Figure 5 Establishment and validation of the prognostic signal for HCC. (A) Lasso regression analysis to identify the characteristic value of the constructed diagnostic signal. (B) Survival analysis between the high-risk and low-risk groups. (C) The area under the ROC curve (AUC) of PIRs for 1-, 3-, and 5-year OS in the TCGA data set. (D–F) The DCA curve of PERs for 1, 3, and 5 years in the TCGA data set. (G) The calibration curve of PERs for 1, 3, and 5 years in the TCGA data set. (H) Survival analysis between the high-risk and low-risk groups in the ICGC-LIHC data set. (I) The AUC of PIRs for 1-, 3-, and 5-year OS in the TCGA data set.
Analysis of the Clinical Characteristics for the PERs Groups
For clinical practicability, a nomogram was drawn to predict 1-year, 3-year, and 5-year survival (Figure 6A). Through univariate and multivariate regression analyses, we identified PERs as an independent prognostic factor for HCC (Figures 6B, C). The differences in clinical characteristics between the high-PERs and low-PERs groups were analyzed in the above data sets, and the accuracy of the model was further verified based on the data set. Based on the TCGA-LIHC data set, the differentially expressed signaling pathways between the high-PERs and low-PERs groups were identified by using the GSEA and GSVA algorithms to obtain the intersection (Figures 6D, E, and S1) (29, 30), which helps elucidate the difference between the high-PERs and low-PERs groups.
Figure 6 Functional analysis between the high-PERs and low-PERs groups. (A) The nomograms for predicting the 1-, 3-, and 5-year survival rates in the TCGA data set. (B) Univariate Cox regression analysis for PERs in the TCGA data set. (C) Multivariate Cox regression analysis for PERs in the TCGA data set. (D) GSEA between the high-PERs and low-PERs groups in the TCGA data set. (E) GSVA between the high-PERs and low-PERs groups in the TCGA data set.
Pan-Cancer Analysis
One of the advantages of bioinformatics analysis is that it can obtain a variety of tumor data for analysis. To explore the applicability of these prognostic models in other tumors, we collected 14 tumor (BLCA, BRCA, COAD, HNSC, KIRC, KIRP, LGG, LUAD, LUSC, OV, PRAD, SKCM, STAD, UCEC) data sets with sample sizes greater than 300 in TCGA database. First, we performed univariate Cox regression analysis which only a few tumors, such as KIRP, and OV were suitable for the above survival model (Figure 7A). However, KM survival analysis showed that only LGG and KIRP had significant differences (Figure 7B), which may be attributed to different statistical methods, but both of them indicated the liver cancer specificity of the above models
Figure 7 Pan-cancer analysis using TCGA database. (A) Univariate Cox regression analysis for 14 kinds of tumors. (B) Km survival curve analysis between the high-PERs and low-PERs groups, with a P value <0.05.

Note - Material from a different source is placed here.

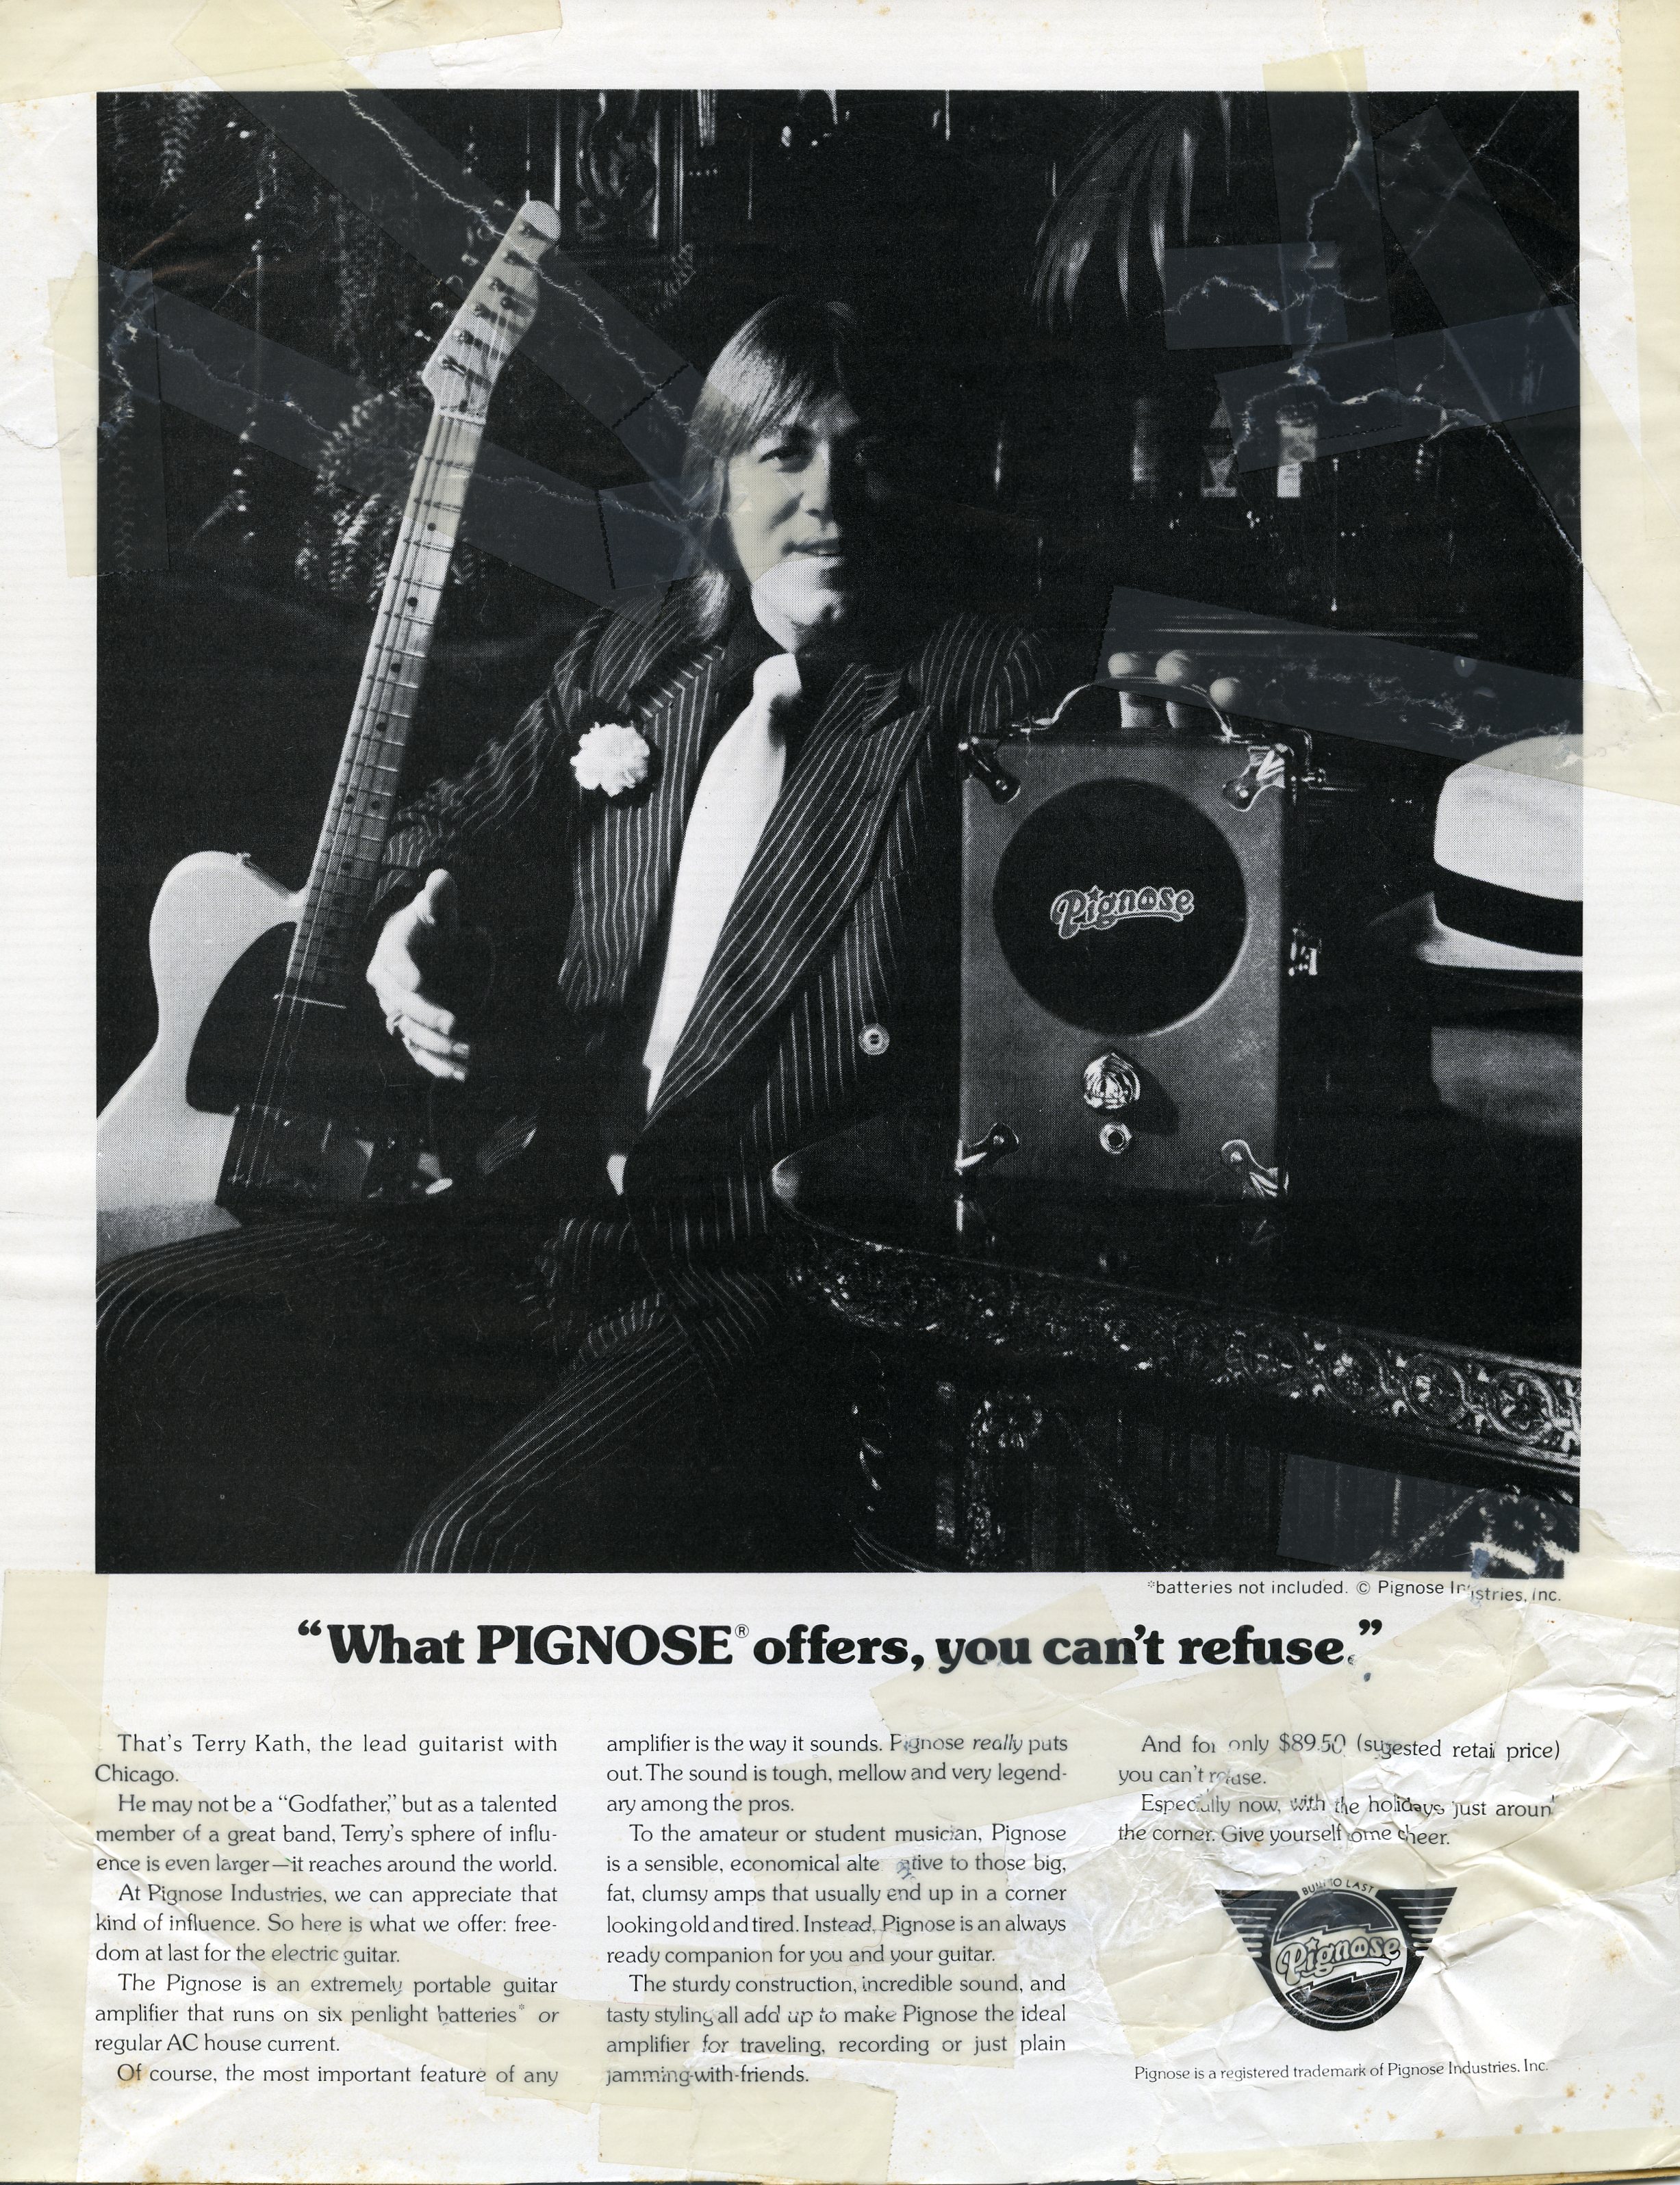 The Pignose ad

Bioinformatics Prediction of Drug Candidates
To further evaluate the effects of various drugs on the different PERs subgroups, we evaluated each patient’s response to immunotherapy using the TIDE database. We found that the low-PERs group was more suitable for immunotherapy (Figure 8A). To identify candidate drugs for the high-PERs group, we comprehensively analyzed the PRISM and CTRP2.0 databases and found that four compounds may be effective in the low-PERs group. The resulted based on the PRISM found that five drugs (ABT-737, gemcitabine, GSK461364, paclitaxel and SB-743921) was better response in low-PERs group (Figure 8B) and the resulted based on the CTRP2.0 found that one drug (LY2606368) was better response in low-PERs group (Figure 8C). These results can provide some guidance for clinical treatment.

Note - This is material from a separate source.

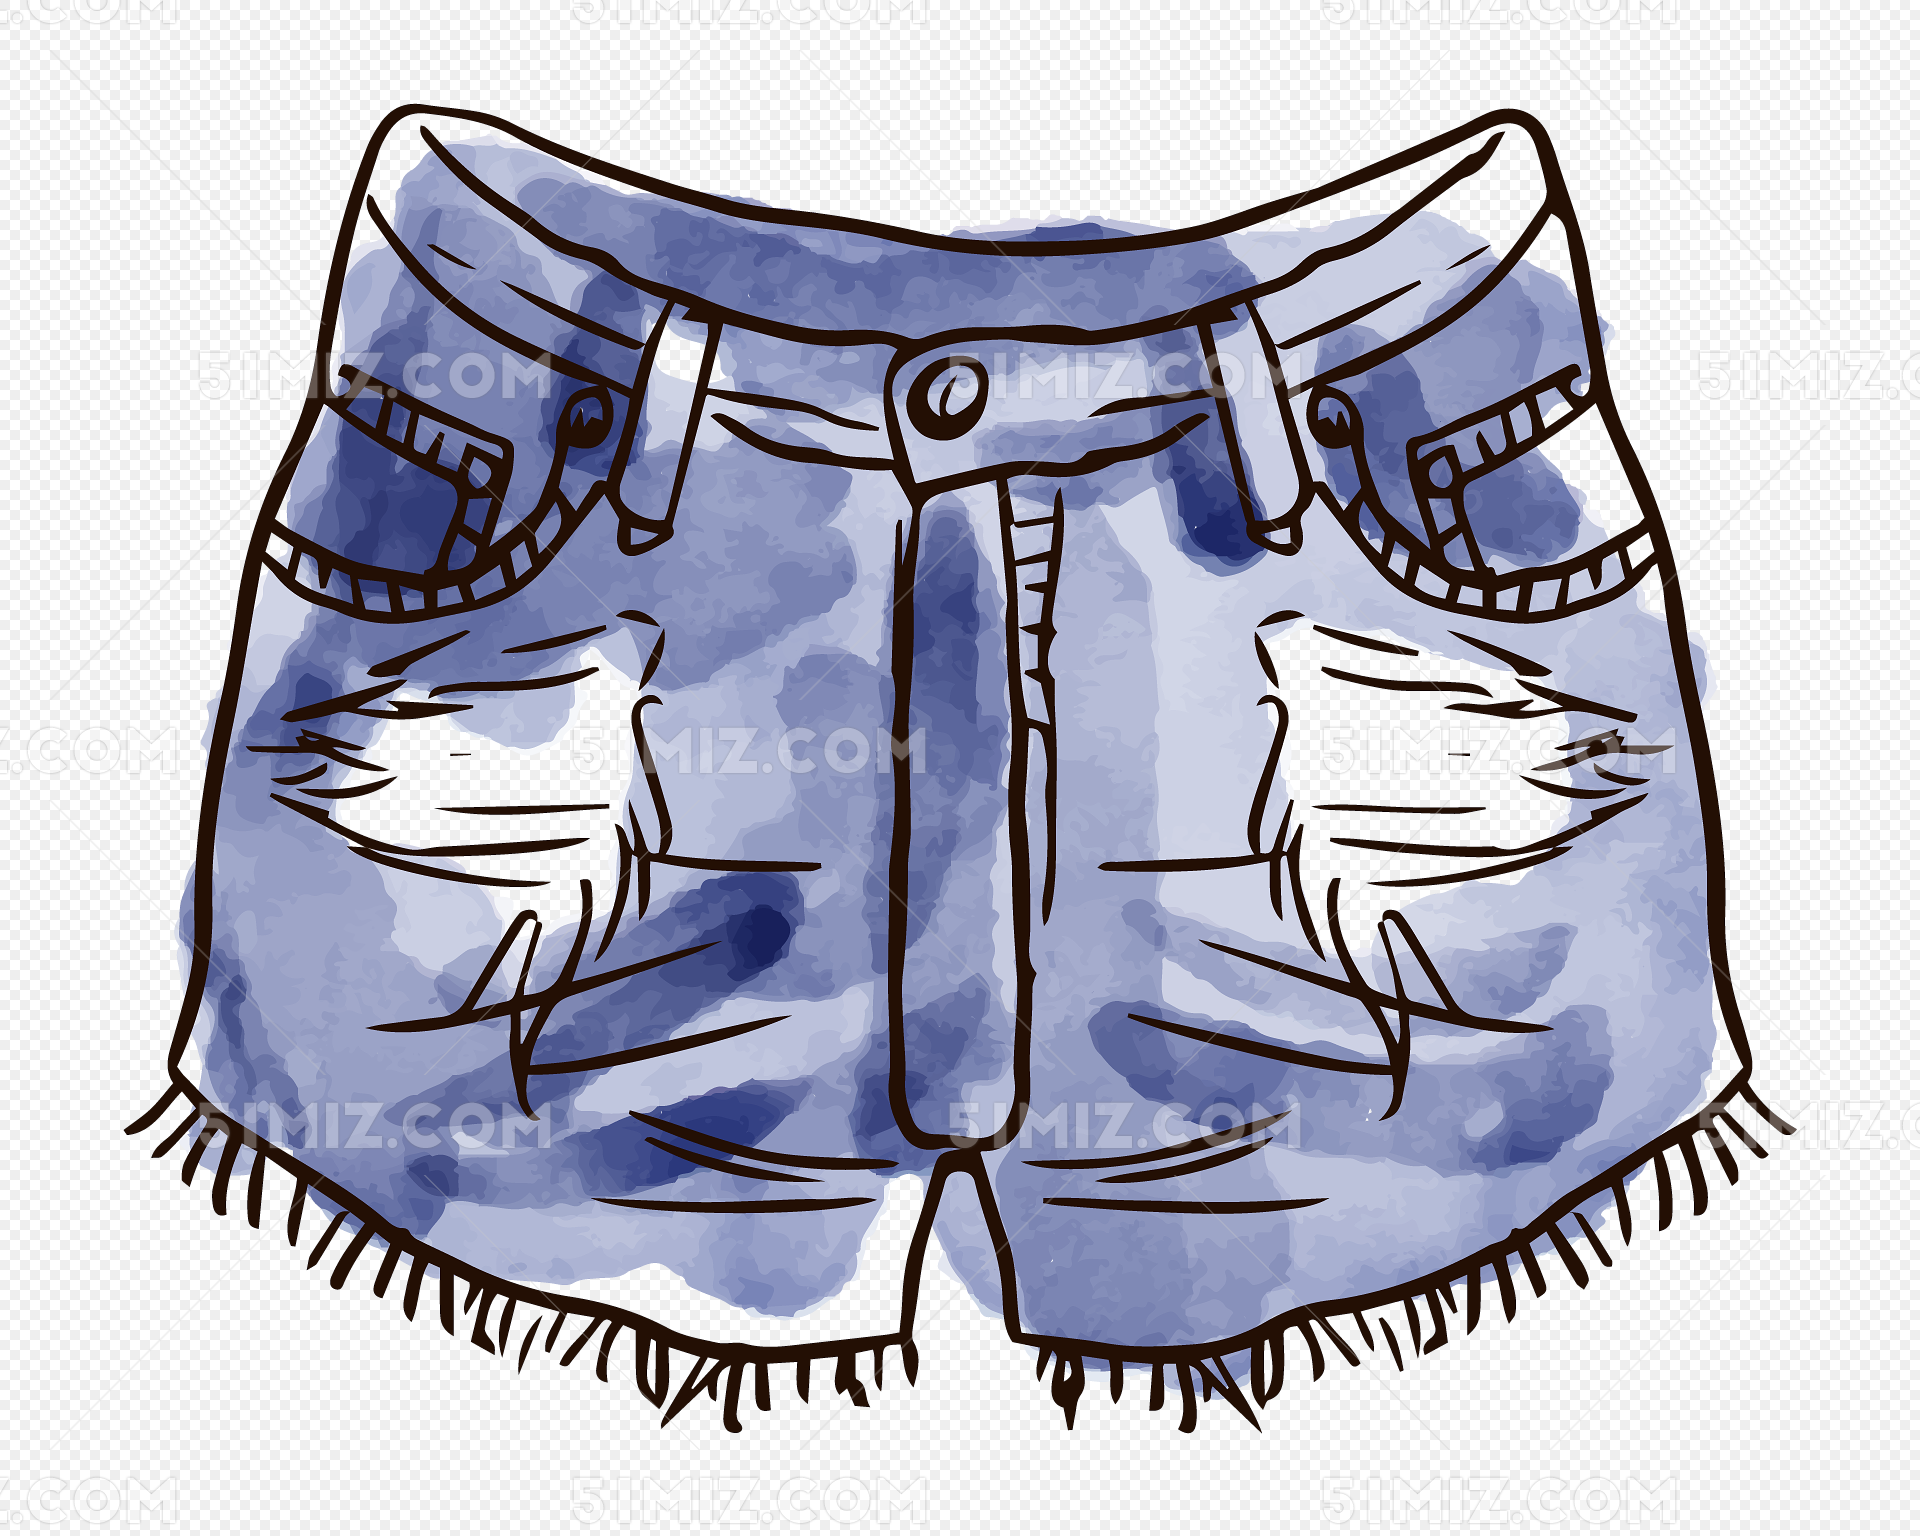 艺森合尚教育 怎样用素描画出牛仔裤质感 - 哔哩哔哩

Figure 8 Evaluation of drug effects. (A) The evaluation of immunotherapy based on the TIDE database. (B) The results of Spearman’s correlation analysis and differential drug response analysis of three CTRP-derived compounds. (C) The results of Spearman’s correlation analysis and differential drug response analysis of one PRISM-derived compounds. Note that lower values on the y-axis of boxplots represented greater drug sensitivity. *<0.05, ***<0.001.
Discussion
Although the level of medical diagnosis and treatment has been improved in recent years, the accuracy of diagnosis and the survival rate and prognosis of HCC are still poor (31). Future research should identify clinically significant genes, predict their functions and explore their prognostic value based on bioinformatics. At present, there is a lack of effective biomarkers with high accuracy for the diagnosis and prognosis of HCC (32). However, in the past, bioinformatics research often focused on a single database or only focused on prognostic value, which had some limitations. In recent decades, scientific workers have identified many aspects of epigenetic modification regulating gene expression that interfere with tumor progression. DNA methylation, RNA m6A methylation, histone-related modification and so on are hot spots of tumor research. Previous studies have mainly focused on the impact of single epigenetic-related genes on tumor prognosis and function. Based on bioinformatics analysis, the above genes can be widely recognized for the diagnosis and prognosis of liver cancer, and functional prediction can be carried out, which can provide help for later experimental research. In addition, the regulation of gene expression by epigenetic regulators is closely related to transcription factors and RNA binding proteins; thus, we collected five kinds of ERGs: RNA m6A modification-related genes, histone modification-related genes, DNA methylation-related genes, RNA binding proteins and transcription factors. Based on these genes, we successfully constructed a stable and reliable diagnostic and prognostic model for HCC, which was verified by an independent data set.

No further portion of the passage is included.